Medicaid Rule on Generic Drug Pricing

In a final rule published on July 6, the Centers for Medicare and Medicaid Services (CMS) announced that based on the Deficit Reduction Act of 2005 (“DRA”), Medicaid is changing its reimbursement methodology for generic drugs from 150% of average wholesale price (“AWP”) to 250% of average manufacturers price (“AMP”) plus a dispensing fee. This anticipated change has been a very hot topic in the health care industry for the past year.

Bloomberg.com reports that

The new pricing and related changes will save $4.9 billion for the U.S. government during five years and $3.5 billion for the states, which jointly fund the program, according to Medicaid. While the new formula would affect the largest U.S. drugstore chains, including Walgreen Co. and CVS Caremark Corp., industry groups said the impact would be greatest at small pharmacies that depend more on Medicaid payments.

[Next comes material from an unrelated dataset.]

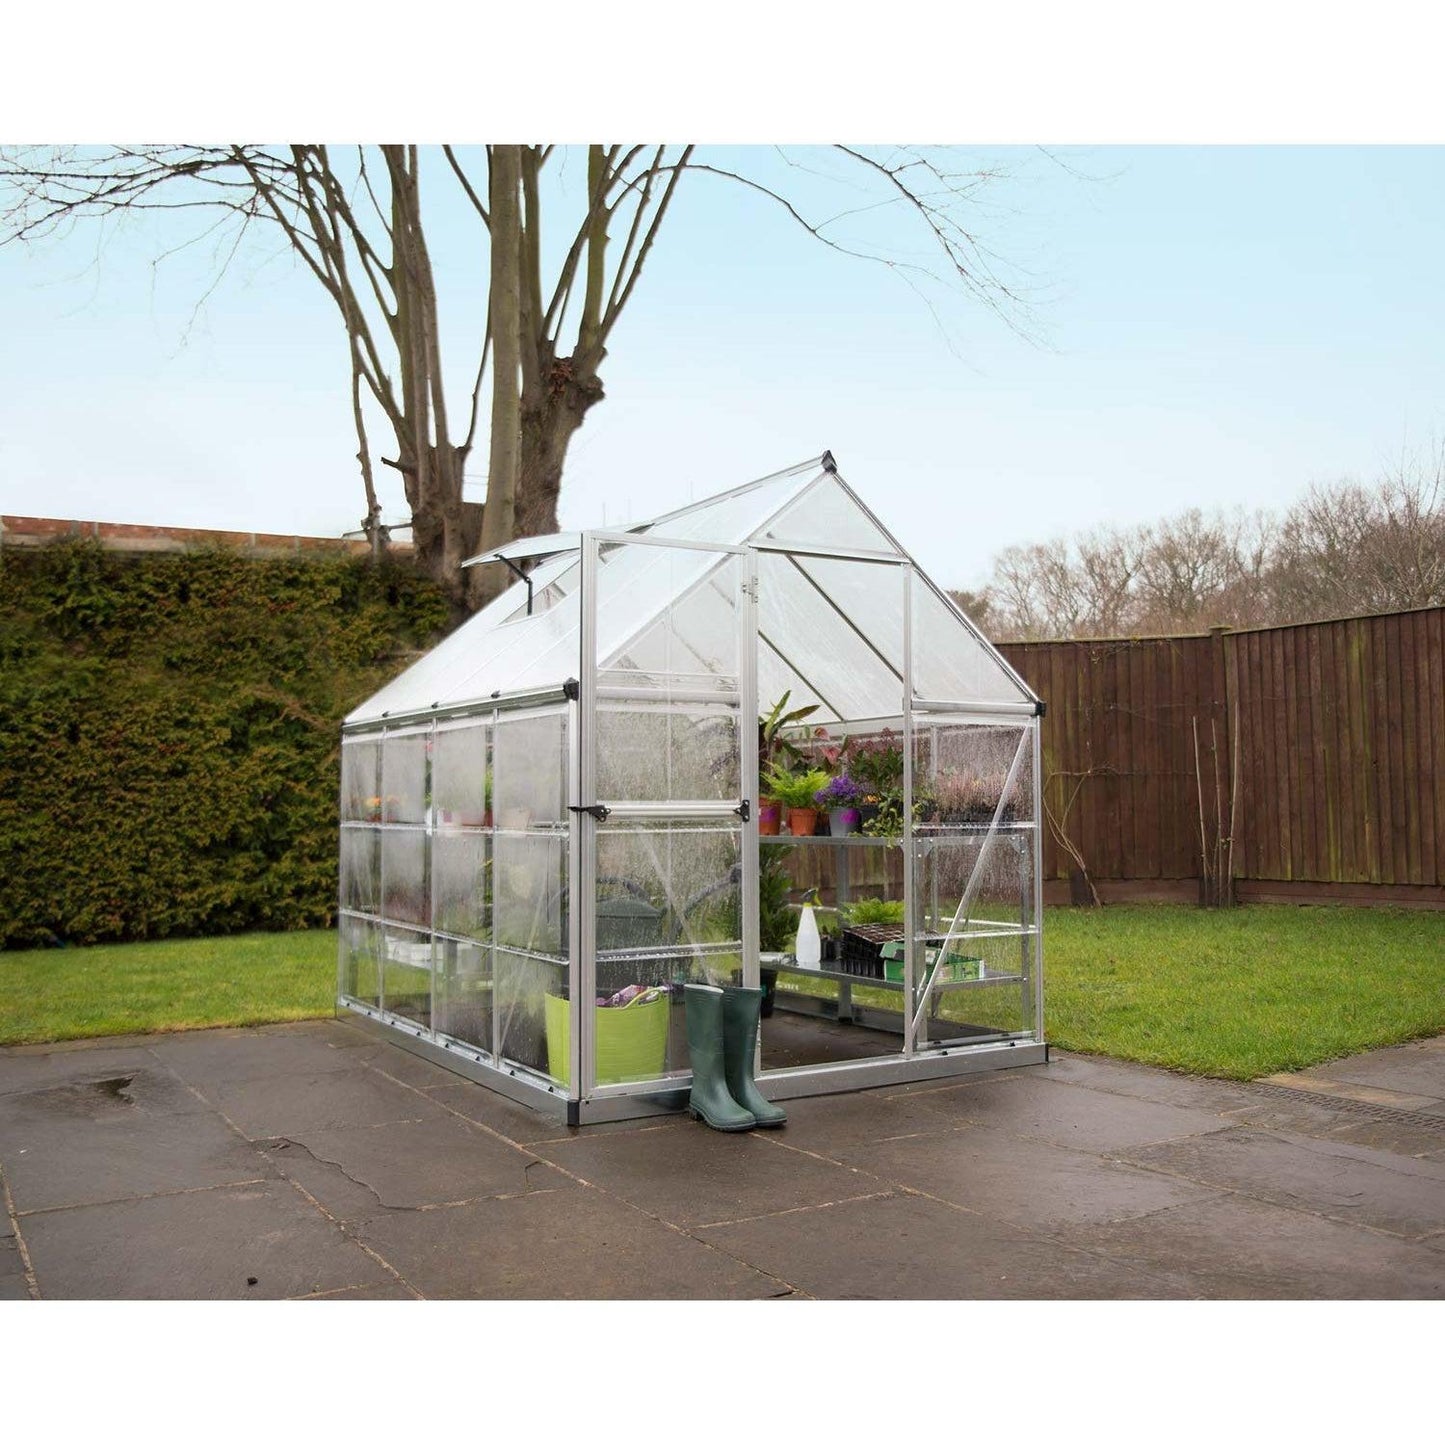 Hybrid Greenhouse 6 x 8 ft. Silver Frame | Palram-Canopia - Delightful Yard

The National Association of Chain Drug Stores has pledged an “’All-Branches, All-Level Government Strategy’” to Fix Medicaid Reimbursement Model.” Who will be expected to pick up the slack? Private sector payers and FEHB plans.

CMS’s announcement further advises that

The DRA also makes an important change to health care purchasing by introducing transparency in Medicaid prescription drug pricing and requiring that for the first time, AMPs be publicly reported on the Internet. States will now be able to use actual AMP information as the basis for setting drug reimbursement. Drug makers will also have to report AMPs monthly, as well as quarterly, as was the practice prior to DRA. More frequent reporting will allow states to make timely adjustments to reimbursement rates.

This development could further accelerate the demise of the AWP. The rule is effective October 1, 2007.